Thursday, May 22, 2008

Red Bull Does Not Give You Wings

I kept telling Jenny all week that I was feeling sick. I had a sore throat. It started the first day I left and was making it difficult to sleep at night. I thought I had a cold, but the sore throat did not go away. It got worse everyday. I was sucking on throat lozenges while I rode the bike and that made it workable. I was trying to ignore being sick and not letting it affect the experience. I didn’t want to get anyone else sick so I suggested to Les and William that they not pick up my beer by accident because they didn’t want what I had. I was getting worried about it because I’d never had a sore throat that lasted this long. It had been eight days since I first started feeling it and it had gotten progressively worse. The warning on the packet of Halls cough drops that I had in my pocket said if a sore throat lasted longer than two days I should see a physician IMMEDIATELY because it could be SERIOUS.

Don’t worry guys; you are safe. You can’t catch dehydration or stupidity.

I wasn’t paying attention to my water intake. Normally, not a big deal, but riding a motorcycle is very dehydrating. The wind blowing through my riding jacket, pants and helmet, through all the vents made for this purpose, was sucking the water right out of me. Nevada, Arizona and New Mexico have some dry air. I must have been losing pints of water every day to make my throat hurt as bad as it did. When I stopped for the day, I was hydrating primarily with beer and wine.

I left the morning after we delivered Leigh to Lake Number One. It was Saturday May 17th. I wasn’t feeling well and my throat was really hurting. I passed by the water section at the mini-mart in Raton and loaded up on throat lozenges. I also made sure I had plenty of Red Bull because it was going to be a long ride. I’d decided to drive back to Redding non-stop. The trip is 1500 miles and if I only stopped for gas and to stretch then I figured I could make it home by the following morning. In hind sight (what I call no-shit-sherlock vision), I would have had to average seventy miles an hour for twenty four hours straight without stopping, even for gas. This was, of course, more total stupidity. The dehydration must have been already working it’s magic on my brain.

I made it to Flagstaff by around 5PM. I had to stop for gas two or three times, load up on more Red Bull and lozenges, and stay moving. Right around the time the sun was setting, I started across the desert. We’ve been having a heat wave out West. The air temperature gauge on my bike was showing over one hundred degrees as I crossed into California sometime after mid-night.

I didn’t feel well when I rode past the Welcome to California sign. I figured that was because I'd been rattling down the road for sixteen hours.

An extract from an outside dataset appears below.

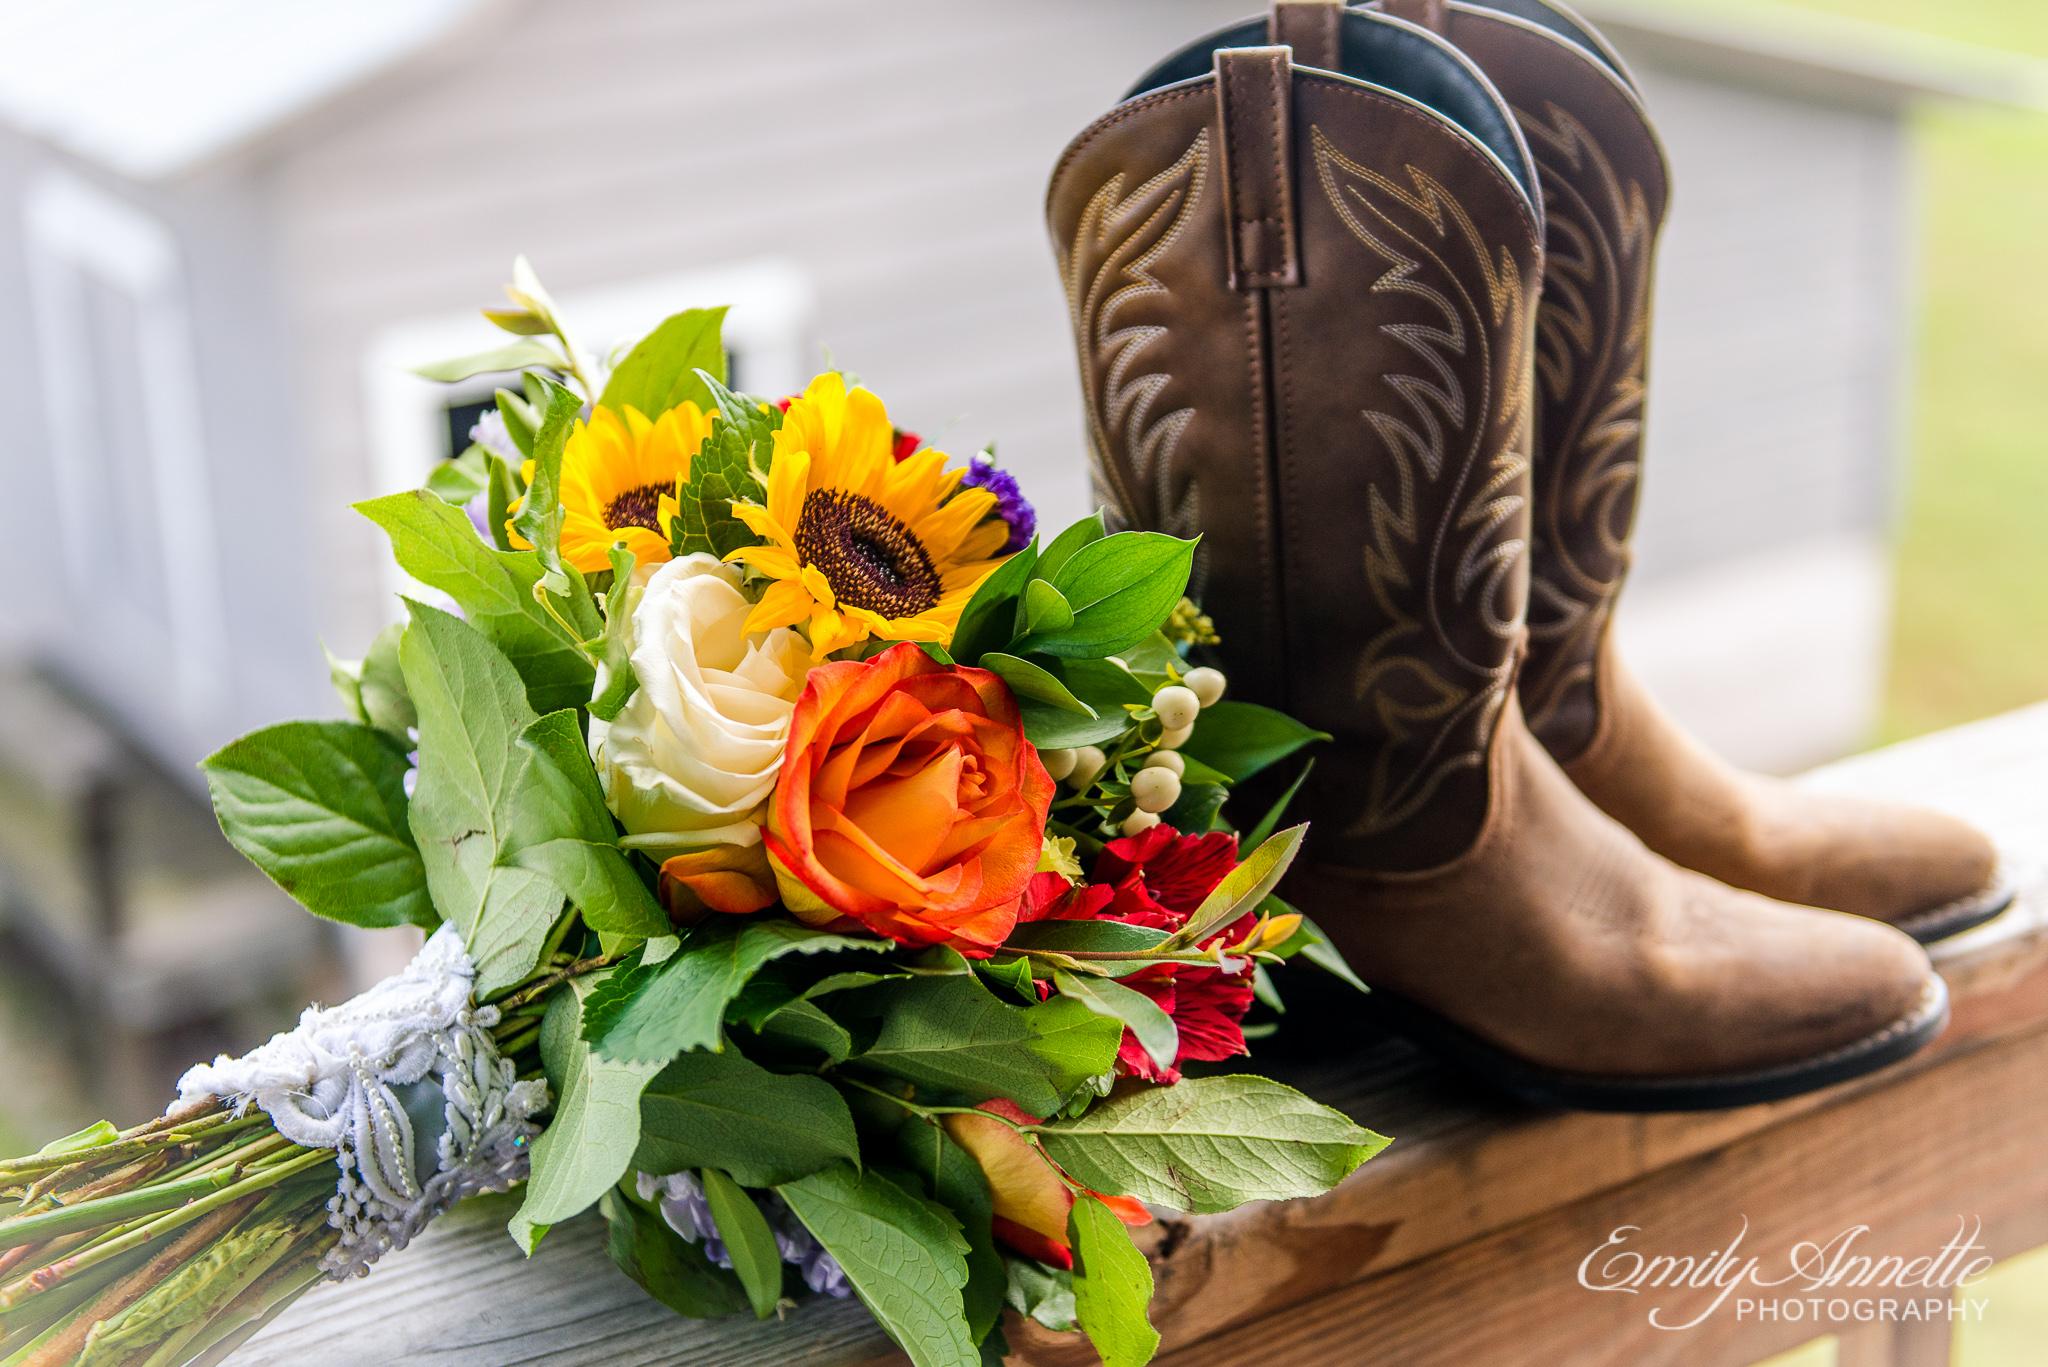 A fall bridal bouquet lies next to a pair of cowboy boots before a wedding at Amber Grove near Richmond, Virginia

At around 1:30AM, I turned onto Highway 58, which would take me over the Tehachapi Mountains and then down into Bakersfield. On my way up the pass, I was met by the cool air rushing down and tumbling with the hot air rising up from the desert. I wasn’t riding well and the wind was overpowering the bike. A few times, it blew me completely out of my lane. I was tense, bent low over the bike and concentrating hard. At some point, the wind died down. I don’t know how long I was driving like that, after the wind died down, but I was startled by a semi-truck passing me on the left. I glanced down to look at my speed and was surprised to find I was only going 30mph. While I was looking down at my speedometer, I noticed that the handlebars of the bike were moving father away from me. I looked up from the speedometer, but could still see the bars, with my hands on them, move farther and rise higher and higher and start to come closer and closer together until my hands were almost touching above my head. I was having a hard time driving the bike with the handlebars like this. It occurred to me then that I was having a problem and I was in big trouble. I had tunnel vision and I felt myself getting faint. There was no place to pull off the highway and I could not see very well. I had to stay focused and find a way to pull off the highway. After what seemed like forever, an exit came up and I took it.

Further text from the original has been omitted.